Jay Bosamiya Software Security Researcher

Misc RE Tips

Influenced by Gynvael's CONFidence CTF 2017 Livestreams here and here; and by his Google CTF Quals 2017 Livestream here

Reverse engineering is a mix of an art as well as a science. Over time, one tends to gather a repertoire of common "tips and tricks" that one might use when reversing any given piece of software. What follows are a condensed form of some tricks gained from Gynvael's livestreams.

  • Sometimes, a challenge might implement a complicated task by implementing a VM. It is not always necessary to completely reverse engineer the VM and work on solving the challenge. Sometimes, you can RE a little bit, and once you know what is going on, you can hook into the VM, and get access to stuff that you need. Additionally, timing based side-channel attacks become easier in VMs (mainly due to more number of "real" instructions executed).

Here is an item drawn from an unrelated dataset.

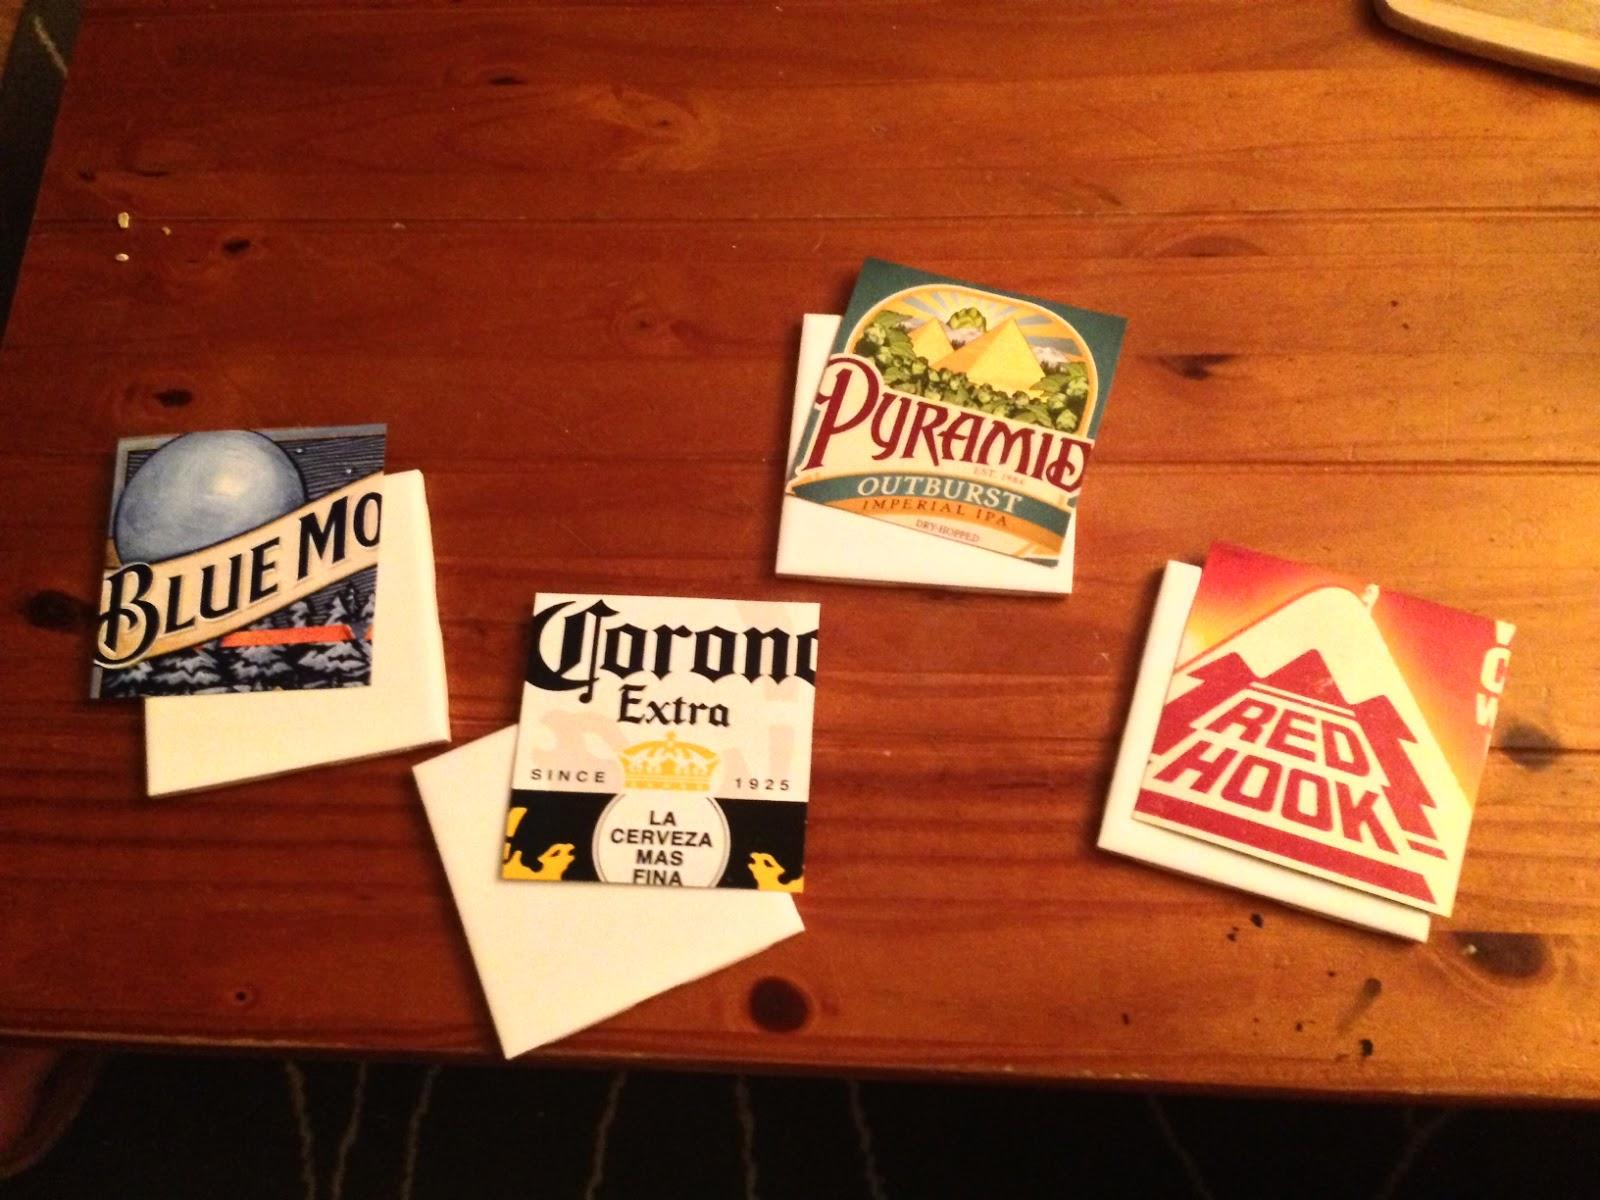 Post grad crafting diy beer coasters - Cardboard beer coasters ...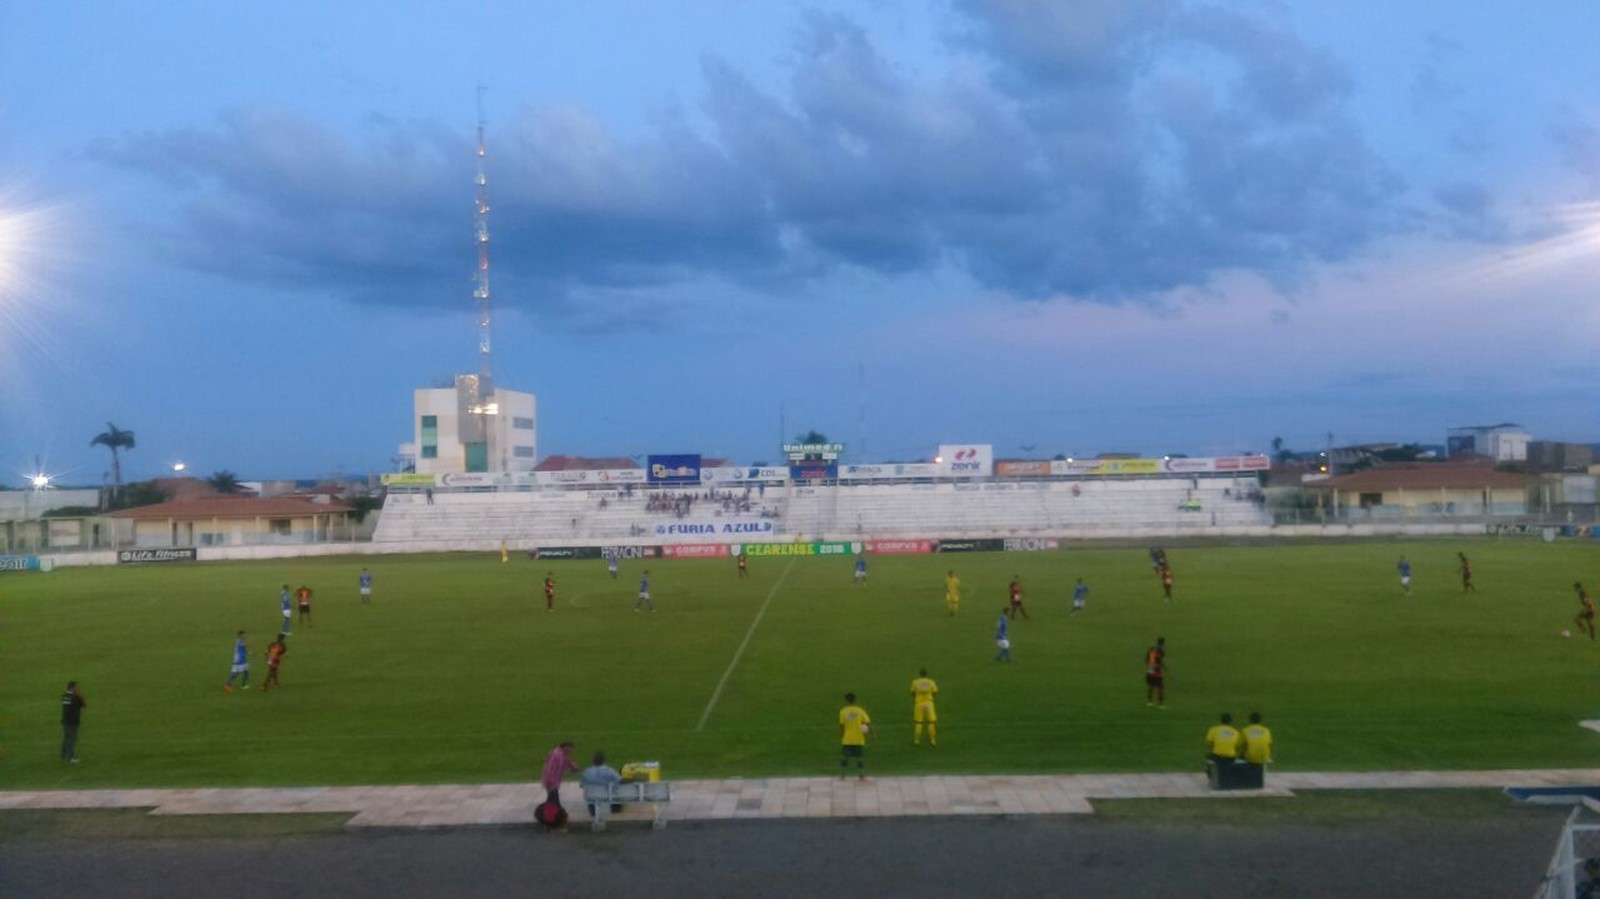 Iguatu e Guarani de Juazeiro, no estádio Morenão, em Iguatu. Foto: Ednardo Alves / Globo Esporte

  • Cryptographically interesting functions in binaries can be recognized and quickly RE'd simply by looking for the constants and searching for them online. For standard crypto functions, these constants are sufficient to quickly guess at a function. Simpler crypto functions can be recognized even more easily. If you see a lot of XORs and stuff like that happening, and no easily identifiable constants, it is probably hand-rolled crypto (and also possibly broken).

  • Sometimes, when using IDA with HexRays, the disassembly view might be better than the decompilation view. This is especially true if you notice that there seems to be a lot of complication going on in the decompilation view, but you notice repetitive patterns in the disassembly view. (You can quickly switch b/w the two using the space bar). For example, if there is a (fixed size) big-integer library implemented, then the decompilation view is terrible, but the disassembly view is easy to understand stuff (and easily recognizable due to the repetitive "with-carry" instructions such as adc). Additionally, when analyzing like this, using the "Group Nodes" feature in IDA's graph view is extremely useful to quickly reduce the complexity of your graph, as you understand what each node does.

  • For weird architectures, having a good emulator is extremely useful. Especially, an emulator that can give you a dump of the memory can be used to quickly figure out what is going on, and recognize interesting portions, once you have the memory out of the emulator. Additionally, using an emulator implemented in a comfortable language (such as Python), means that you could run things exactly how you like. For example, if there is some interesting part of the code you might wish to run multiple times (for example, to brute force or something), then using the emulator, you can quickly code up something that does only that part of the code, rather than having to run the complete program.

  • Being lazy is good, when REing. Do NOT waste time reverse engineering everything, but spend enough time doing recon (even in an RE challenge!), so as to be able to reduce the time spent on actually doing the more difficult task of REing. What recon, in such a situation means, is to just take quick looks at different functions, without spending too much time on analyzing each function thoroughly. You just quickly gauge what the function might be about (for example "looks like a crypto thing", or "looks like a memory management thing", etc.)

  • For unknown hardware or architecture, spend enough time looking it up on Google, you might get lucky with a bunch of useful tools or documents that might help you build tools quicker. Often times, you'll find toy emulator etc implementations that might be useful as a quick point to start off from. Alternatively, you might get some interesting info (such as how bitmaps are stored, or how strings are stored, or something) with which you can write a quick "fix" script, and then use normal tools to see if interesting stuff is there.

  • Gimp (the image manipulation tool), has a very cool open/load functionality to see raw pixel data. You can use this to quickly look for assets or repetitive structures in raw binary data. Do spend time messing around with the settings to see if more info can be gleaned from it.